28 September 2012 (Friday at 14.00h.)
Hans Wormer (Almere Data Capital)
Growing with Big Data
Hans Wormer is program mamanager of Almere Data Capital. The term Data Capital refers to the concentration of companies, services, knowledge and facilities that support the collection, storage, access, sharing, editing and visualization of big data. The program Almere Data Capital brings together supply and demand safely and efficiently. Hans Wormer will address: Almere's vision on the developments around Big Data; Almer's approach to stimulate new activities; the creation of new jobs for the city and region; and finally, how to get involved in Almere Data Capital.

1 October 2012 (Monday 13.30h. in ZI-3126)
Victor de Graaff (with an introduction from Djoerd Hiemstra)
The theory behind scrum
Djoerd will give a 6 minutes and 40 seconds, “pecha kucha” introduction on the plans for the module “Data & Information” of the new Computer Science bachelor.
Victor will give a 45 minute presentation on the theory behind Scrum, an increasingly popular software development methodology. Scrum is an implementation of Agile development, and is based on the concept of the capabilities of the team to plan and review their own work.

23 October 2012
Rezwan Huq
From Scripts Towards Provenance Inference
Scientists require provenance information either to validate their model or to investigate the origin of an unexpected value. However, they do not maintain any provenance information and even designing the processing workflow is rare in practice. Therefore, in this paper, we propose a solution that can build the workflow provenance graph by interpreting the scripts used for actual processing. Further, scientists can request fine-grained provenance information facilitating the inferred workflow provenance. We also provide a guideline to customize the workflow provenance graph based on user preferences. Our evaluation shows that the proposed approach is relevant and suitable for scientists to manage provenance.

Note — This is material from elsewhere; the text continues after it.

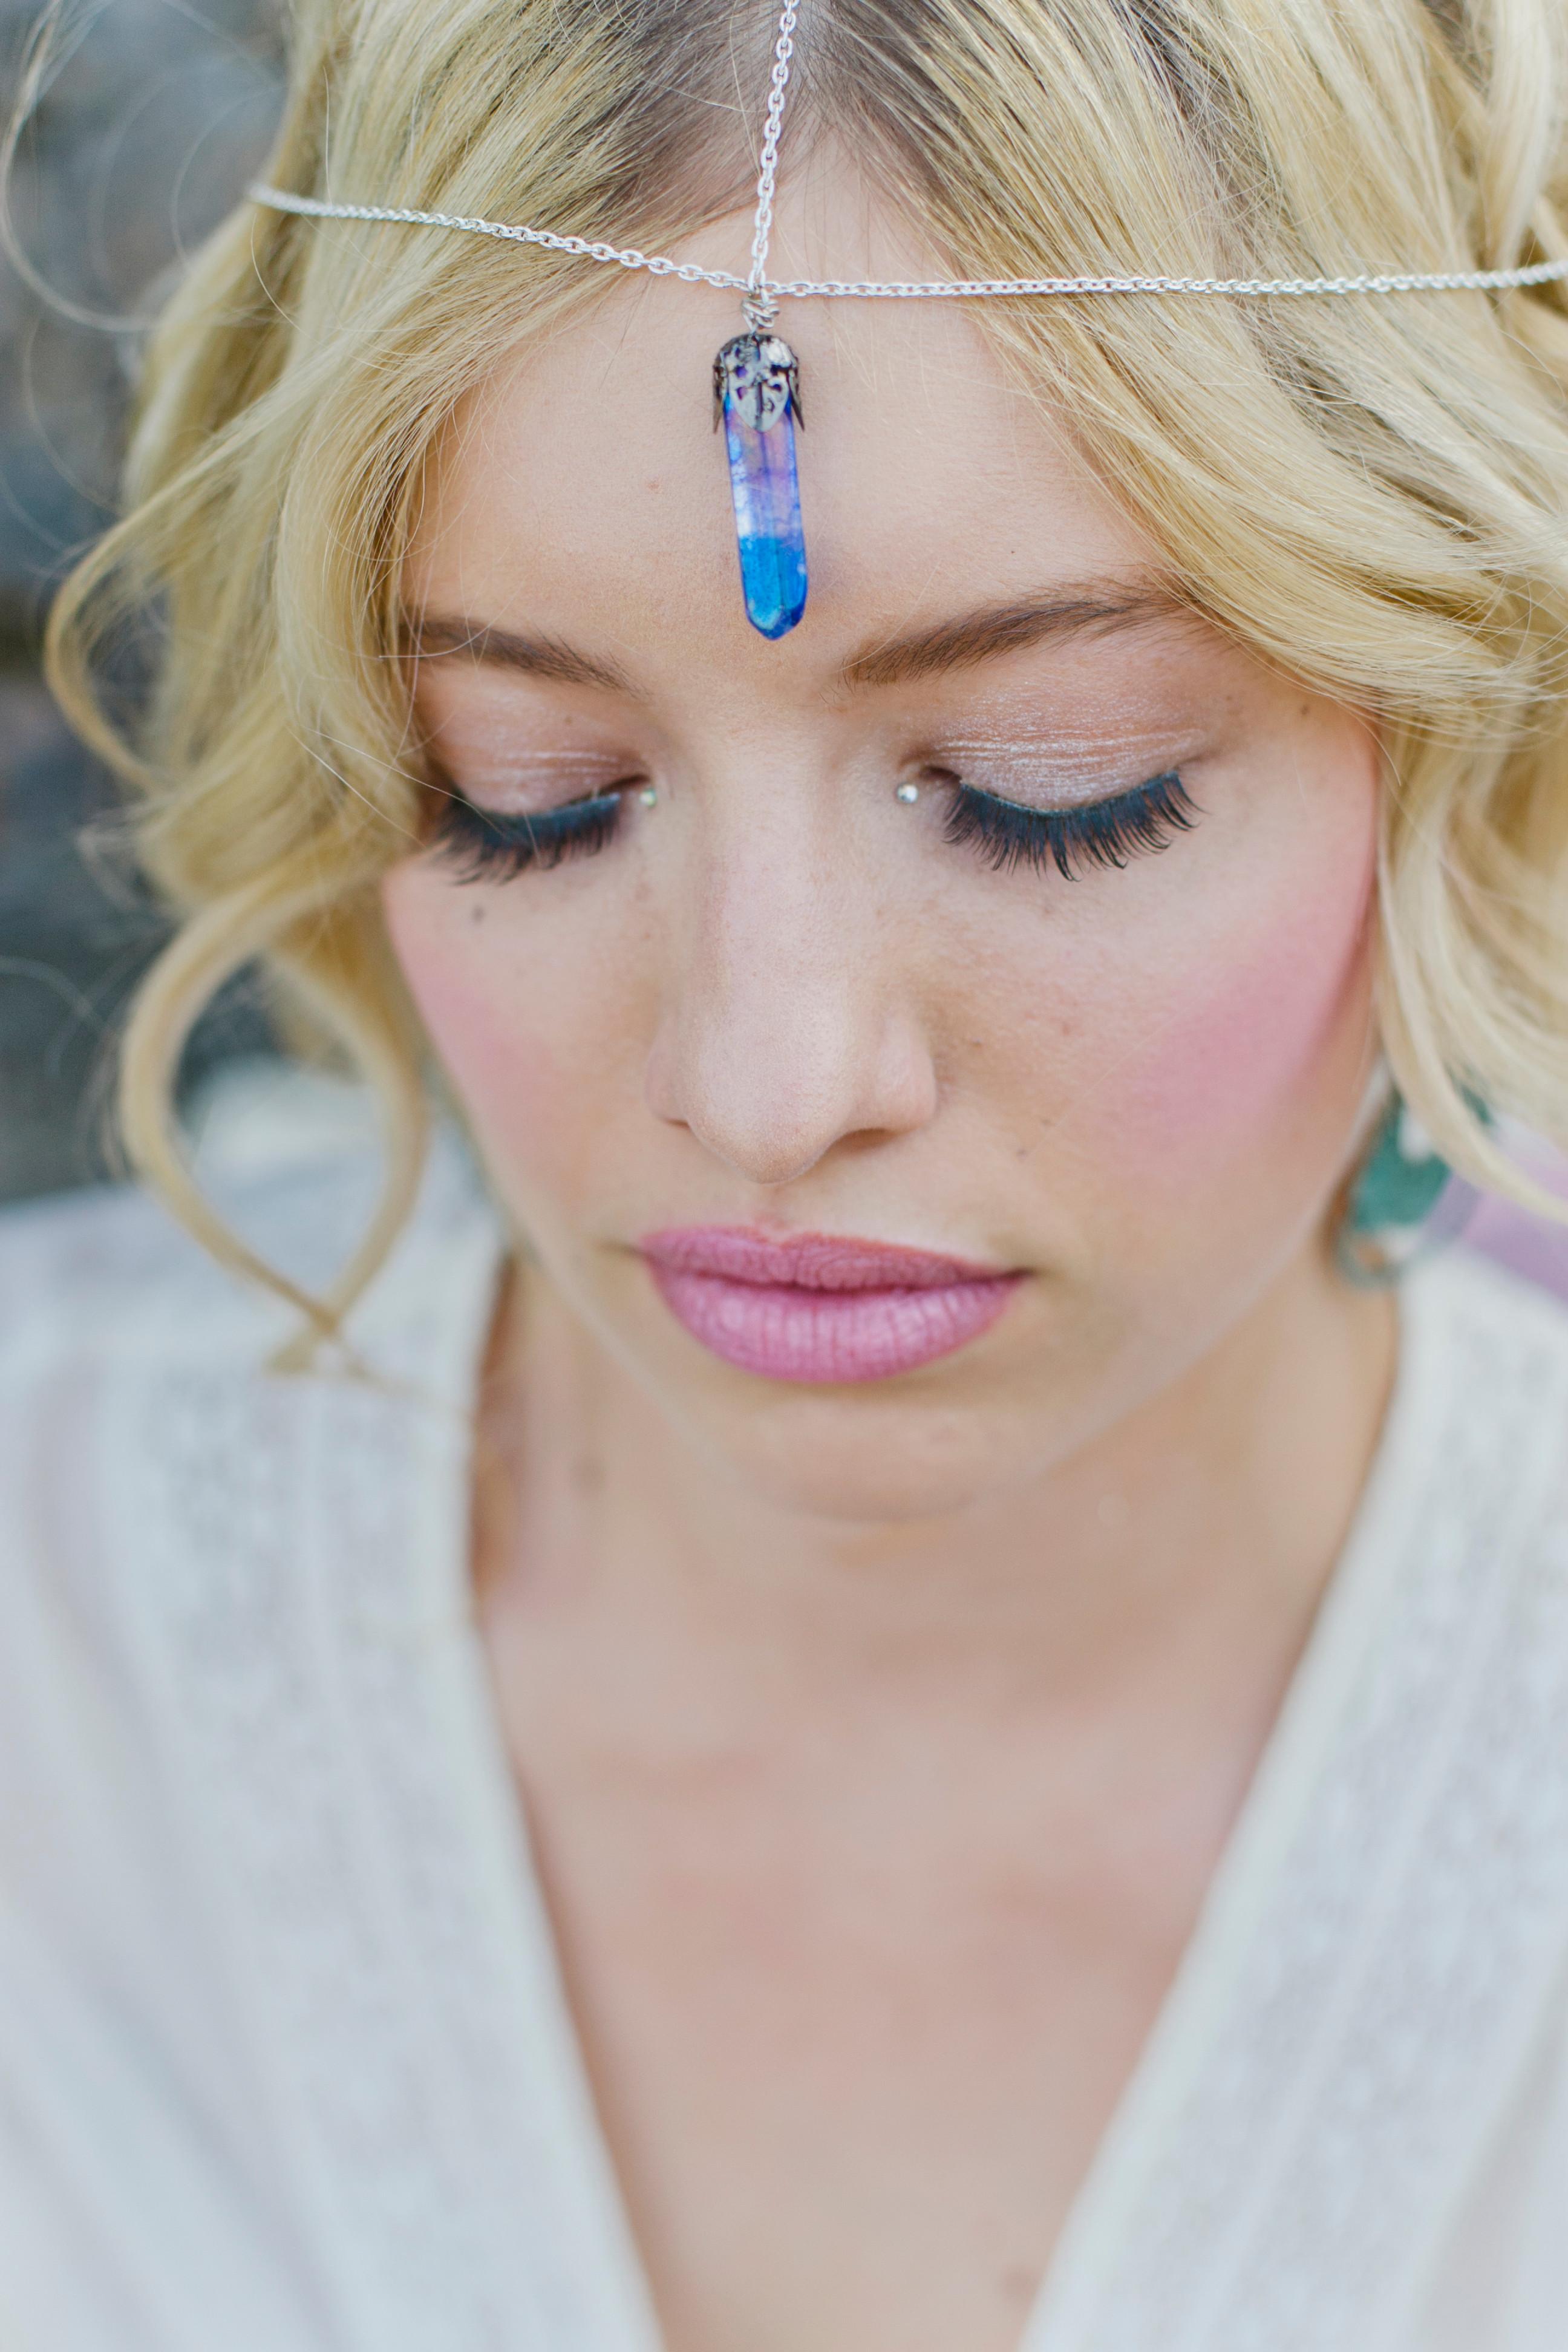 Makeup & Lash Application

12 November 2012 (Monday, 12.30h. in ZI-2126)
Iwe Muiser
Cleaning up and Standardizing a Folktale Corpus for Humanities Research
Recordings in the field of folk narrative have been made around the world for many decades. By digitizing and annotating these texts, they are frozen in time and are better suited for searching, sorting and performing research on. This paper describes the first steps of the process of standardization and preparation of digital folktale metadata for scientific use and improving avail- ability of the data for humanities and, more specifically, folktale research. The Dutch Folktale Database has been used as case study but, since these problems are common in all corpora with manually created metadata, the explanation of the process is kept as general as possible.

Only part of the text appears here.